-- Collected data follows --

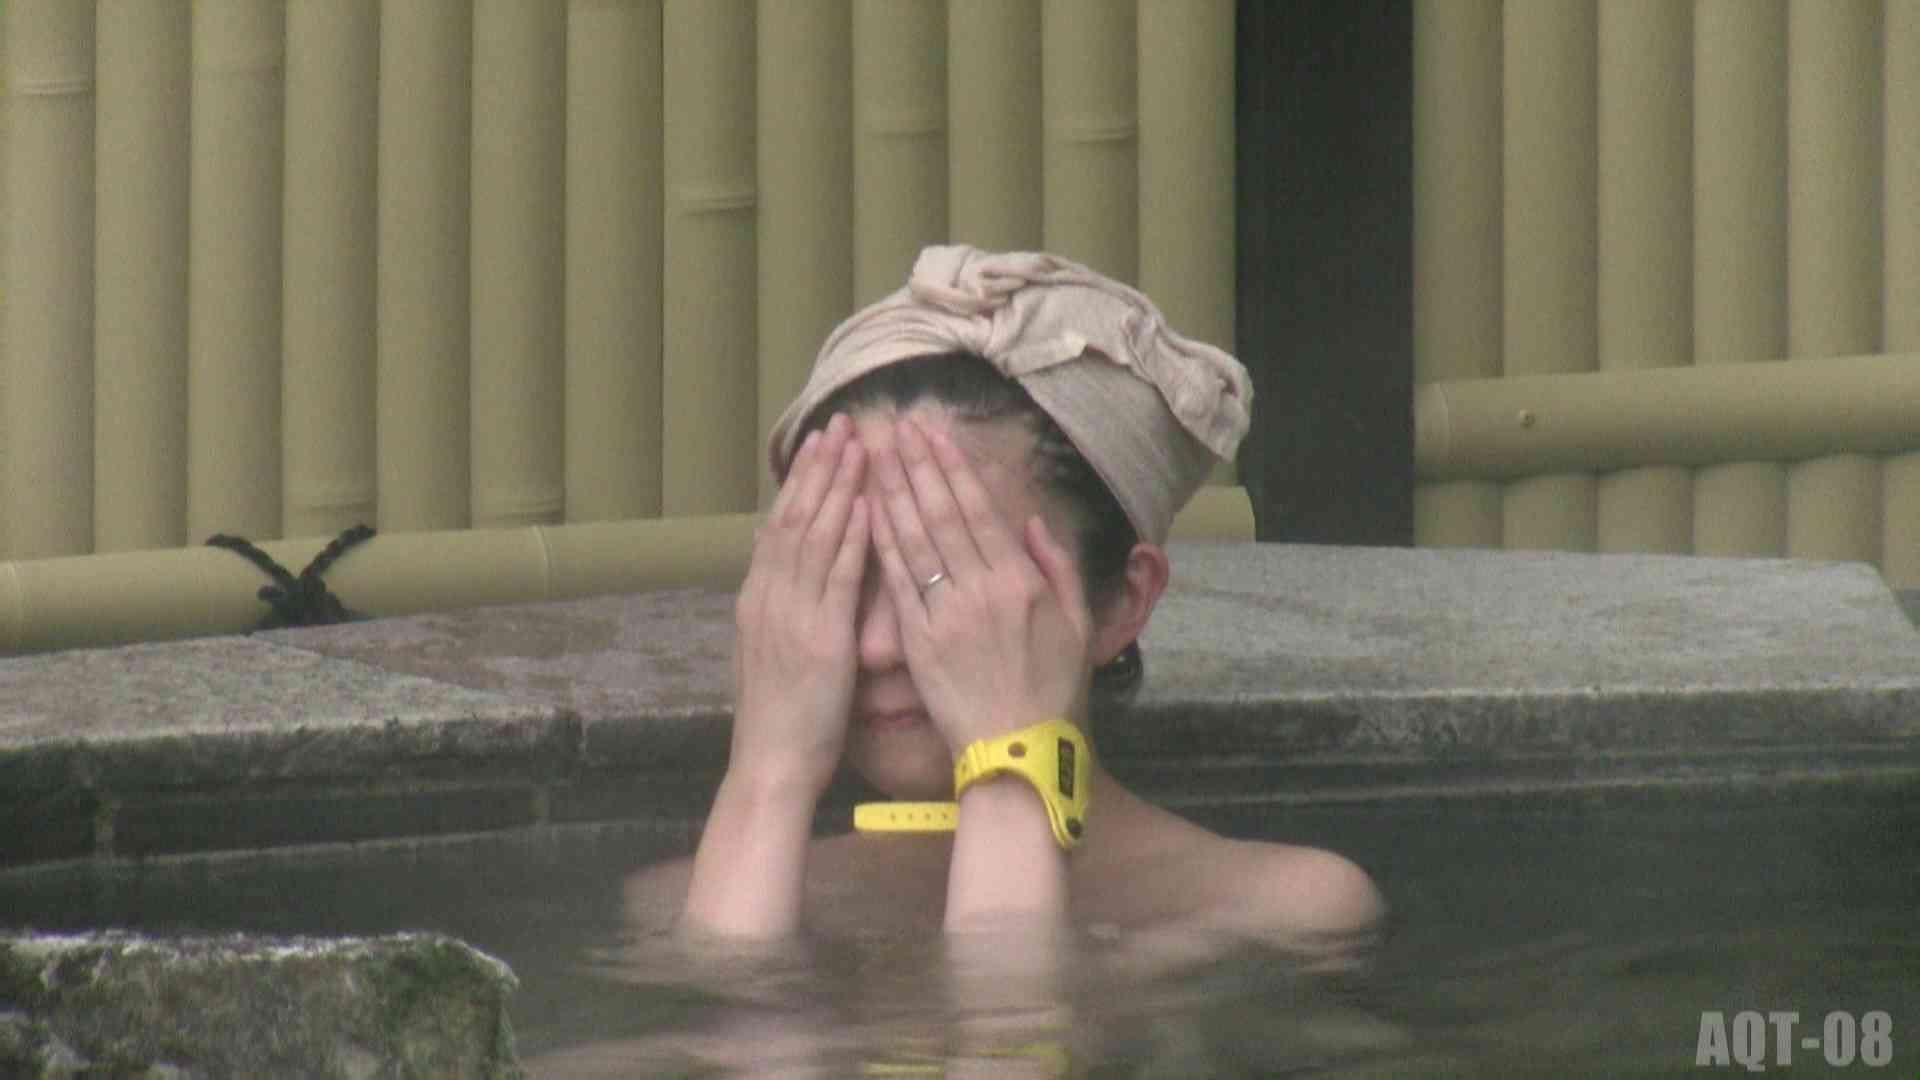 Aquaな露天風呂Vol.772 いやらしいOL のぞき動画キャプチャ 50連発 27
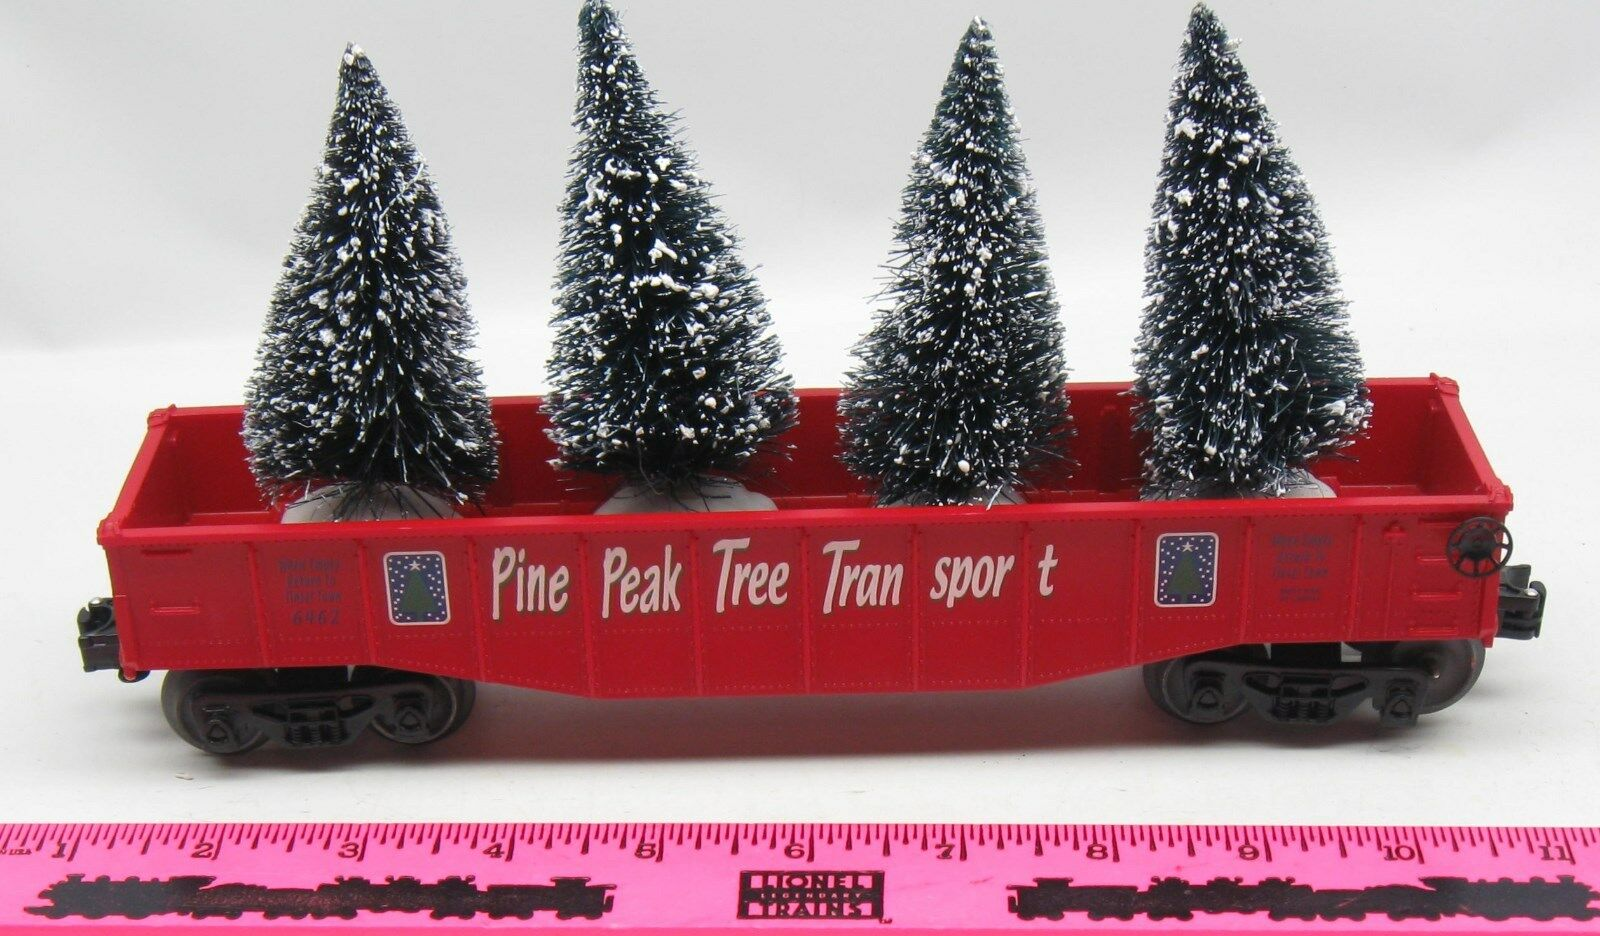 Lionel 6462 Pine Peak Tree Transport gondola with trees
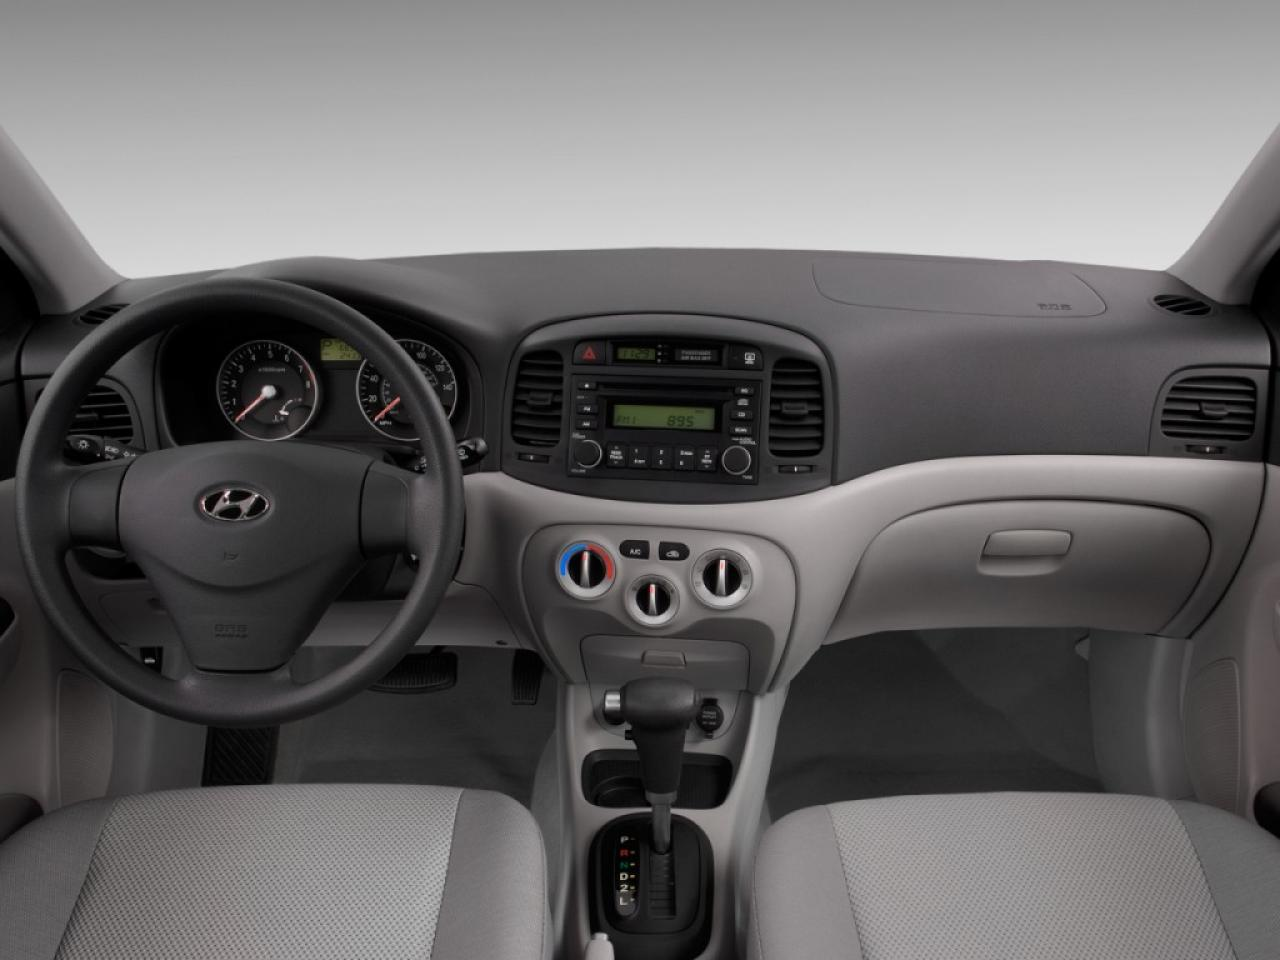 1998 Hyundai Accent Information And Photos Zombiedrive Fuse Box For 2008 Kia 800 1024 1280 1600
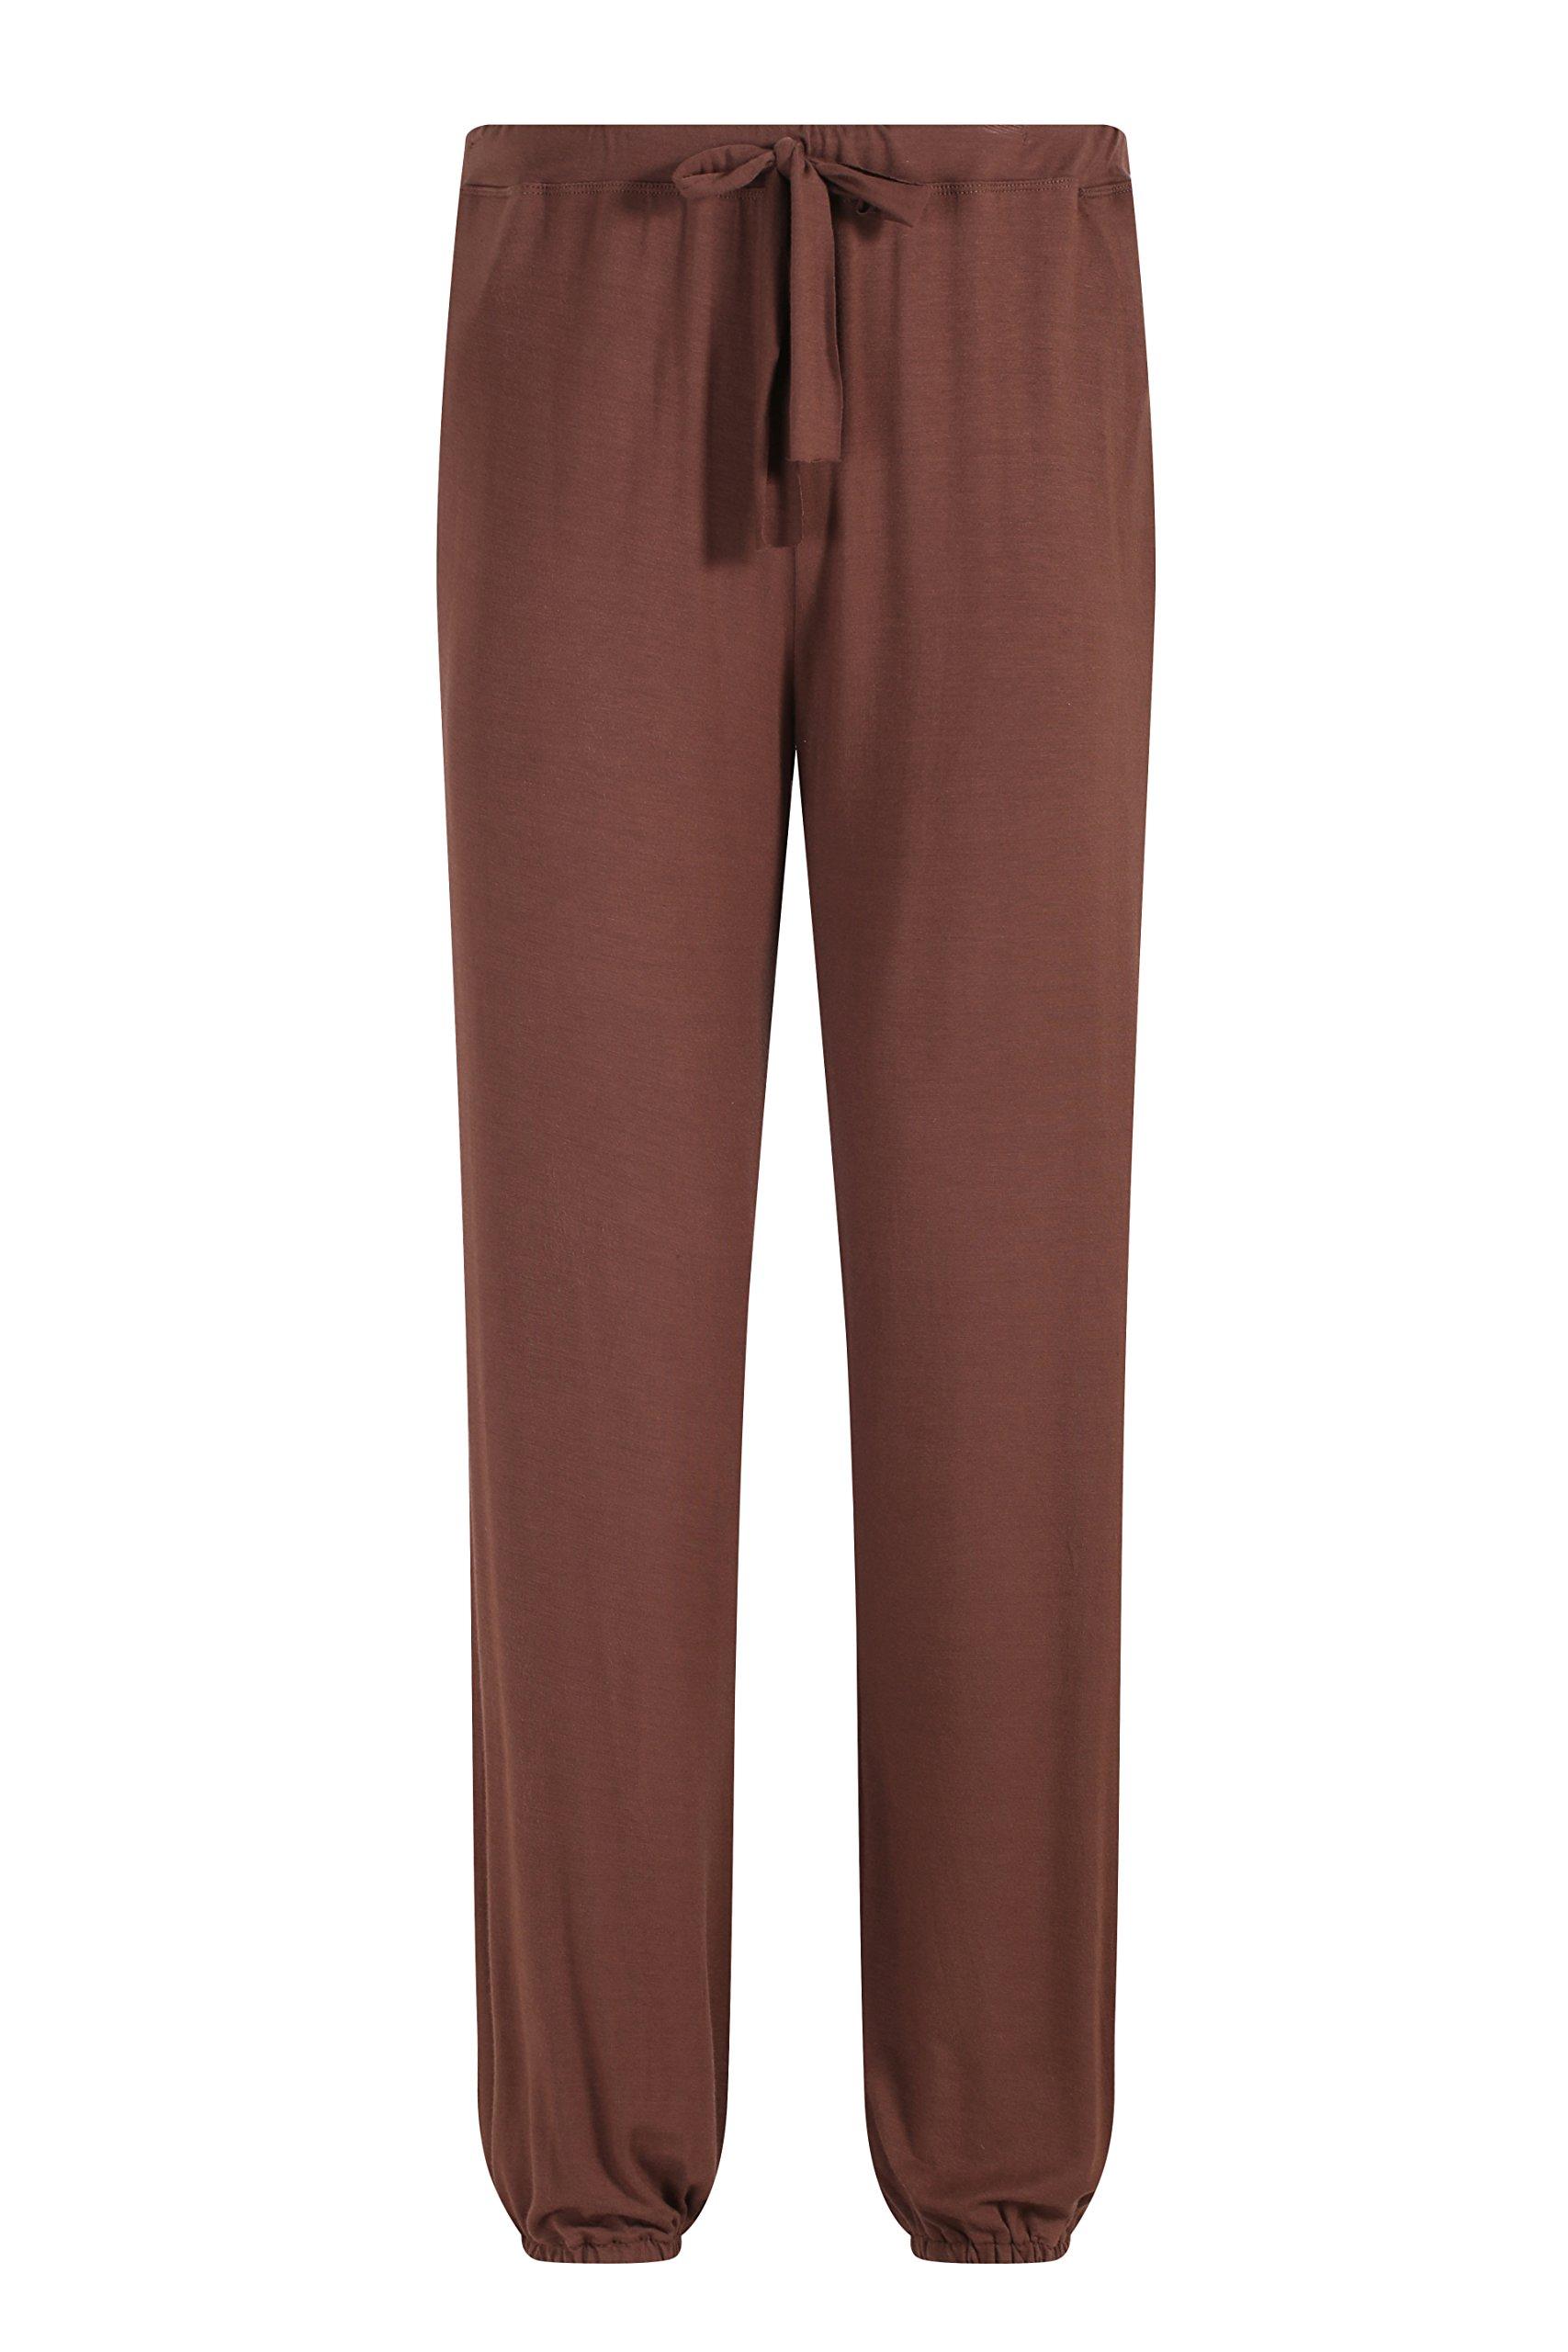 ZSHOW Men's Summer Long Casual Pants Loose Fit Yoga Pants Lounging Sleep Pockets Pants(Coffee,XL)

-- Collected data concluded --

## Problem to solve
From the line containing "1998 Hyundai Accent" down to the last line of the data, print every line exactly and nothing else. Pictures stay out of the copy.

## Answer for this exercise
 1998 Hyundai Accent Information And Photos Zombiedrive Fuse Box For 2008 Kia 800 1024 1280 1600
 ZSHOW Men's Summer Long Casual Pants Loose Fit Yoga Pants Lounging Sleep Pockets Pants(Coffee,XL)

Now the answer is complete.